Brokers Warn of Volatility

Despite the positive news, brokers are urging borrowers not to become complacent. The rate cuts coincide with renewed tensions in the Middle East, where a fragile ceasefire is at risk of collapsing, potentially driving oil prices and mortgage rates higher.

Justin Moy of EHF Mortgages in Chelmsford said the overseas turmoil "will inevitably push mortgage rates up yet again, along with other costs such as fuel." He advised borrowers to act quickly: "Sharpen your pencil now and jump on," warning that rates "can be here today and gone tomorrow."

Emma Jones of Whenthebanksaysno.co.uk in Runcorn told Newspage the good news may be short-lived, as rising oil prices could force lenders to "pause for thought."

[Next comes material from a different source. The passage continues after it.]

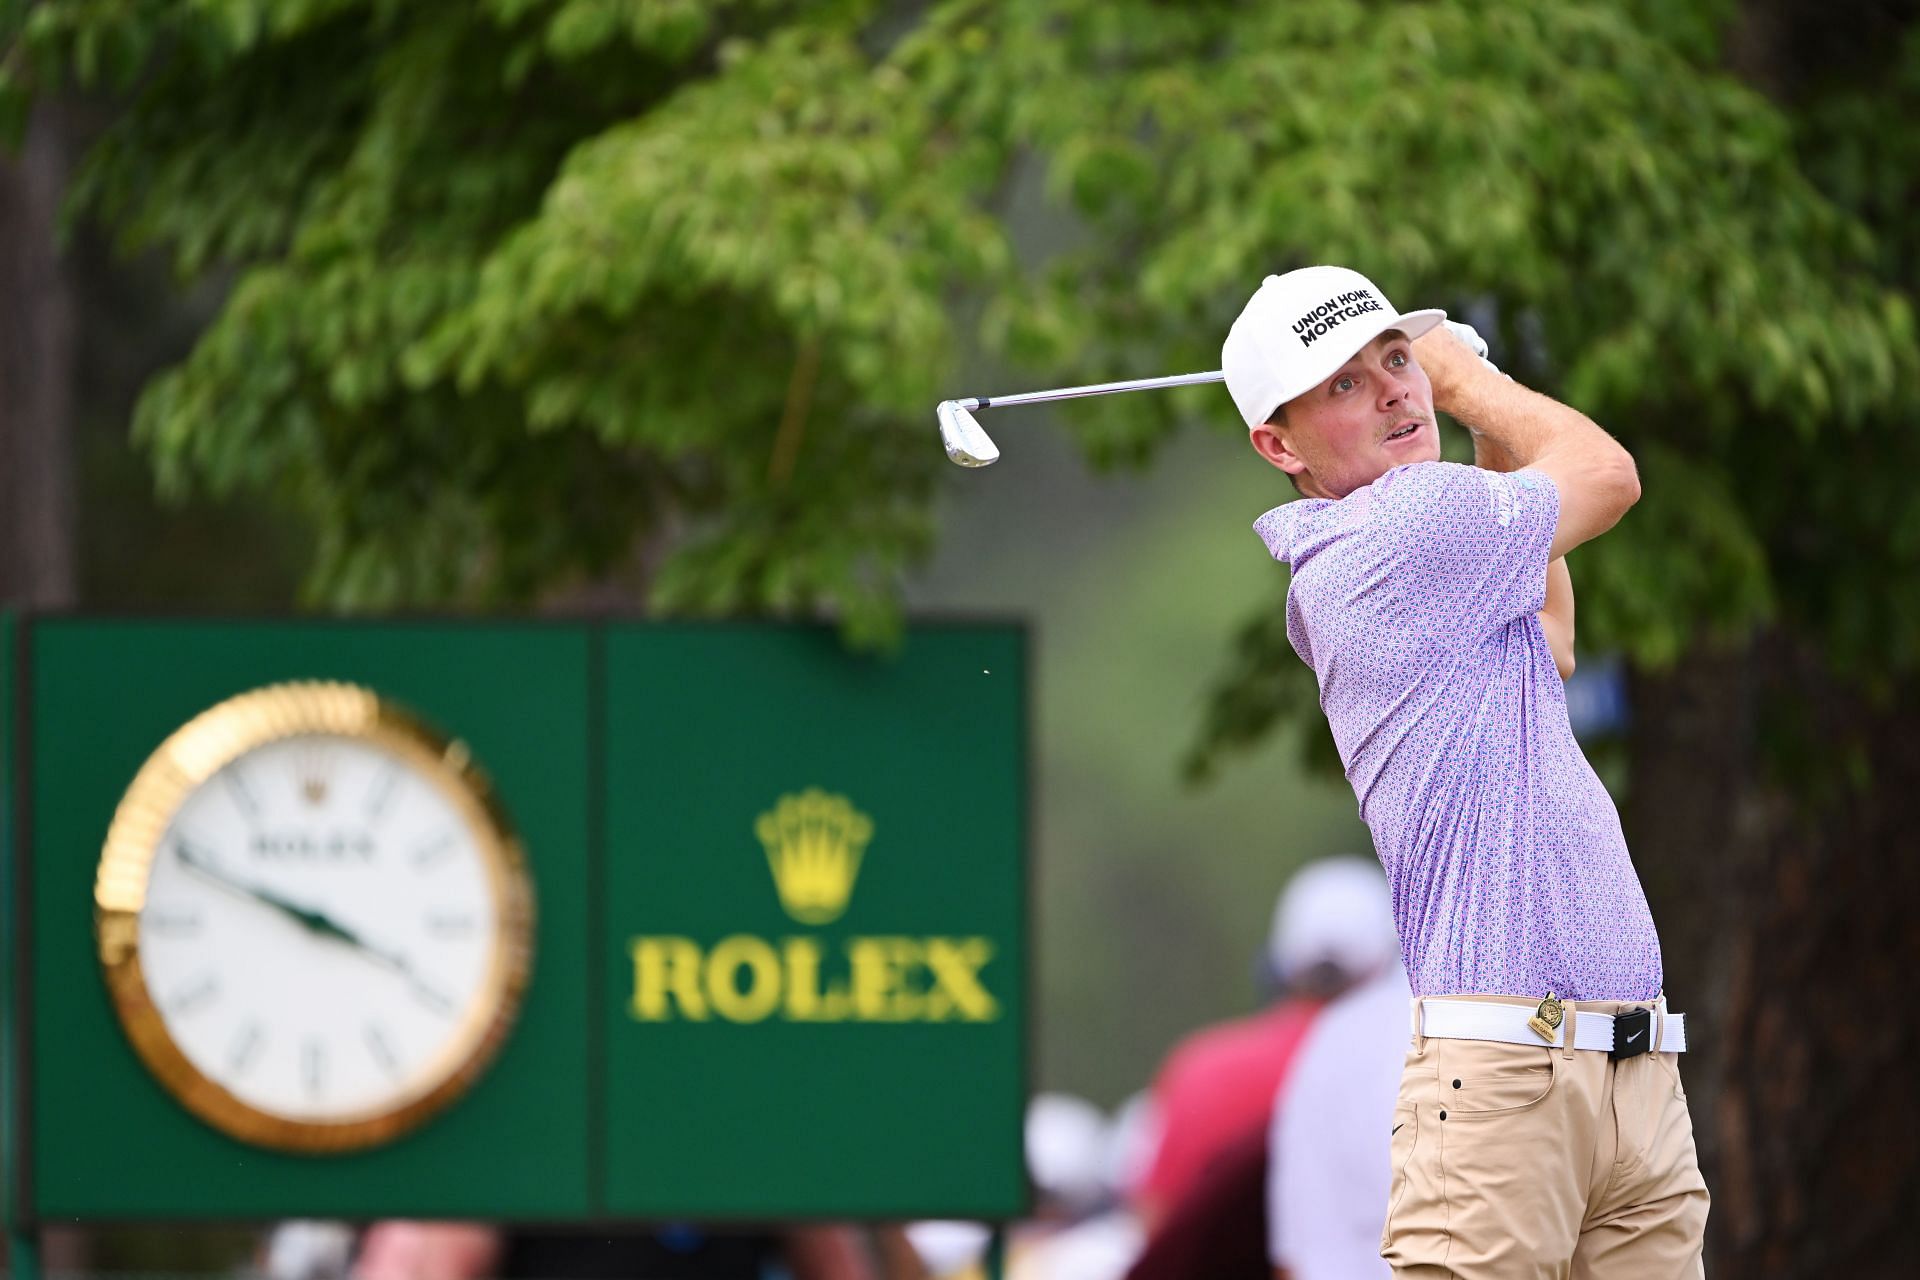 Luke Clanton will make his PGA Tour debut this weekend

'A Dangerous Game of Chicken'

Rohit Kohli of The Mortgage Stop in Romsey noted that the Barclays cuts were locked in before the latest geopolitical upheaval, pointing out that Donald Trump declared the Iran ceasefire over on the same morning the rates dropped. He urged borrowers not to expect further reductions: "This may well be one of the last cuts we see for a while," adding that anyone waiting for a better deal is "taking a gamble."

Darryl Dhoffer of The Mortgage Geezer in Bedford was more blunt, stating that borrowers holding out for rock-bottom rates are "playing a very dangerous game of chicken with global politics." He described the current sub-4.5% deals as a "tactical clearance sale" rather than a lasting market shift.

Lock In Now, Review Later

While not all brokers were pessimistic, the consensus was clear: don't wait. David Stirling of Mint Wealth in Belfast noted that swap rates had fallen and lenders were "moving fast," with further cuts from Leeds Building Society expected soon across residential, buy-to-let, and shared ownership products. However, he cautioned that the calm "is potentially borrowed" and could evaporate if the ceasefire collapses and inflation rises.

Tracey Dixon of Pure Mortgage and Protection in Cardiff said the cuts were welcome but "not a signal to sit back and wait." She highlighted that many lenders allow borrowers to secure a rate months in advance, with the option to switch to a cheaper deal if rates fall further before completion. Her advice to anyone with a deal ending in the next six months: "Don't gamble on the market turning in your favour. Lock something in - and review it later if rates do fall further."